The 1st of these calls was made on 9th July 2005 by Seema Misra, who stated that her branch “cannot access training”.

The 2nd call was made on 29th July by “clerk” Mr Shakal, who stated “there was no power to Horizon” and the 3rd call was made on 26th August 2005. Below are copies of summaries of these 3 calls;

There was no call made by either trainer Michael Opebiyi or Seema Misra to the Horizon help-desk on Wednesday 13th July 2005.

There was, and still is, zero evidence of any calls by trainer Michael, or anyone else, to the help-desk to query any alleged transaction or balancing issues during this time period.

Referring to Thursday 7th to Wednesday 13th July 2005, Keith Hadrill asked Seema Misra during her evidence in chief “Did you get any error corrections there?” (p.51G, p.52F here) to which she stated;

No. Michael said “it is a bit unusual.

I know you have been doing the transaction correctly”

Then I remember him staying behind and he made a phone call from office, I don’t know where

Seema Misra evidence during October 2010 trial – p.52G here

As sub-postmistress it was Seema Misra’s responsibility to telephone the Horizon help-desk if she had any problems with any transactions or balancing procedures, not trainer Michael’s.

During cross-examination Warwick Tatford asked Seema Misra further questions about trainers Junaid and Michael. Below are extracts from transcripts (from p.133G here);

  • Warwick Tatford: Did it ever cross your mind to say to the Post Office investigators “I have had these losses from the beginning and Junaid knows about it and Michael knows about it and Timiko Springer knows about it?”
  • Seema Misra: Like the Post Office knew in October 2005 anyway when they came to do the audit. It was on top of what I was putting money in or this was plus 3,000 on top
  • Warwick Tatford: All right. Let us go back to that audit. In that audit, because you have not told us this so far at least, in the audit did you say to the auditors “I have been having losses from day one. Ask Michael. Ask Junaid.” Did you tell them that?
  • Seema Misra: I welcomed them. I was waiting for the audit as I welcomed them in basically so they can – they were like, at least they can – it was put forward that they will come in and find out if we do something wrong, any transaction or do anything wrong in the system
  • Warwick Tatford: Did you tell the auditors….
  • Seema Misra: I tell the – about the losses that we having, that I have to put the money in
  • Warwick Tatford: Right. Did you say “Junaid knows about this. Michael knows about this.” Did you mention them at all?
  • Seema Misra: I did mention about the losses. I can’t recall if I said name or not
  • Warwick Tatford: Can I suggest to you why there are these inconsistencies, and it actually ties in I suggest with the questions I asked you at the beginning about those figures going up. You realised after your interview that it didn’t make sense to say it is all down to thefts by other people. There had to be other reasons, and so you I suggest have added some false extra reasons….
  • Seema Misra: No
  • Warwick Tatford: ….to bolster up what you said in interview which does not explain the loss?
  • Seema Misra: No. It is, everything is truth. I am not lying

As part of his closing argument to the jury, Warwick Tatford stated;

…..the Crown say she was not trying to help.

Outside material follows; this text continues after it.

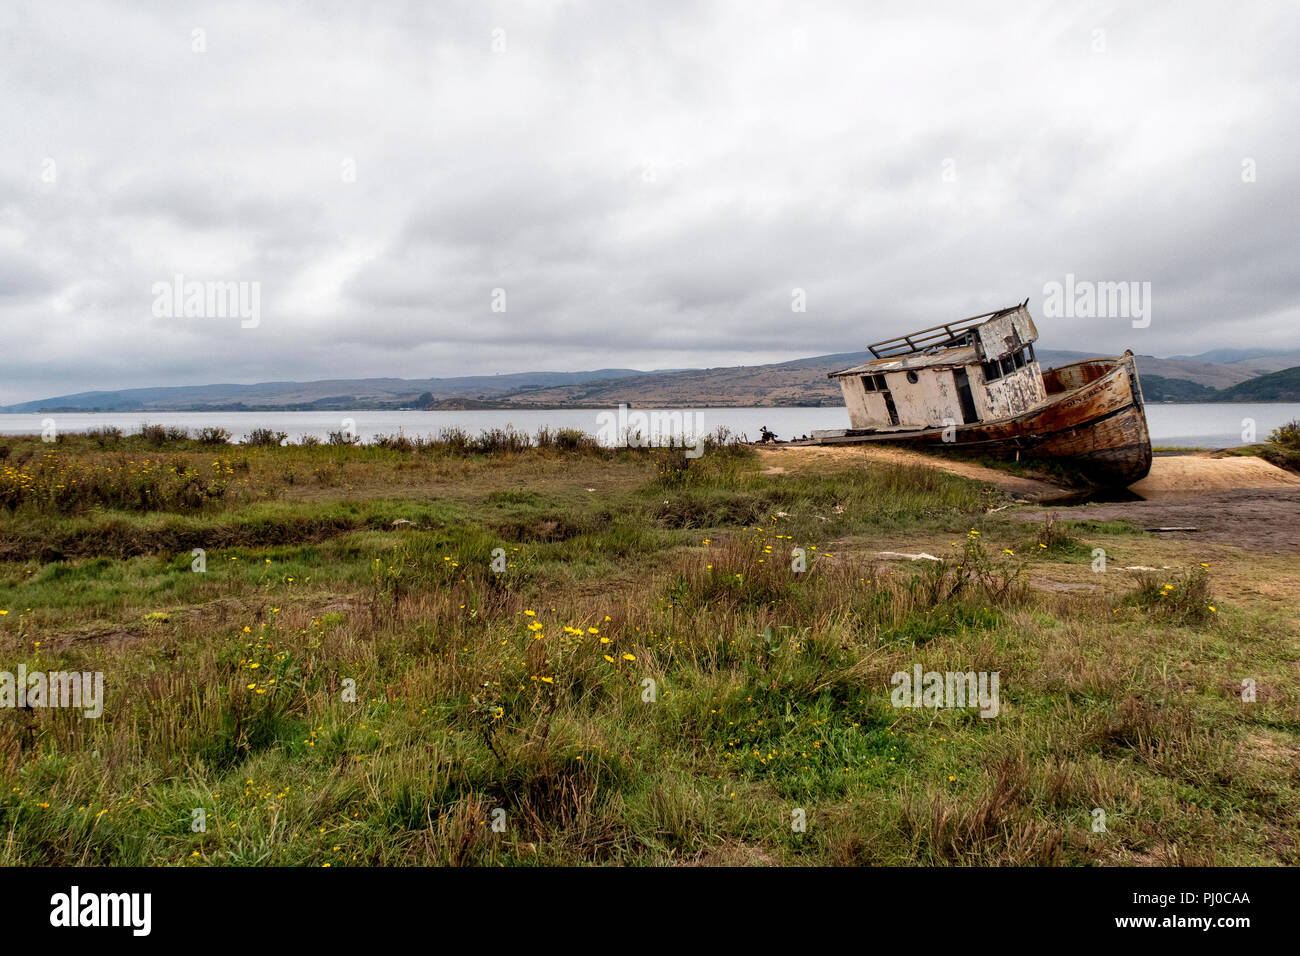 The Point Reyes abandoned shipwreck along the shore of Tomales Bay at Inverness, Point Reyes National Seashore, California. Stock Photo

She was trying to be obstructive in her evidence.

She fails to mention things in her interview, in her notes which were handed over to Mr Noverre, and she mentions them at a late stage, one matter in particular only in the course of this trial.

Why didn’t she talk about Junaid and Michael and Timiko Springer and the fact that the losses were accruing from the very beginning?

Why didn’t she mention any of that in her post office interview?

Was it because she had not made it up then, because you would have thought it would have been an obvious thing to mention.

It has happened to her.

She is not a trainer who has to try and remember all the different offices they have been to.

She just has to remember what has happened to her, but she completely seems to forget about that.

It is not because she was not asked the question because she hands over some notes giving her account and she fails to mention any of those things on which she now relies.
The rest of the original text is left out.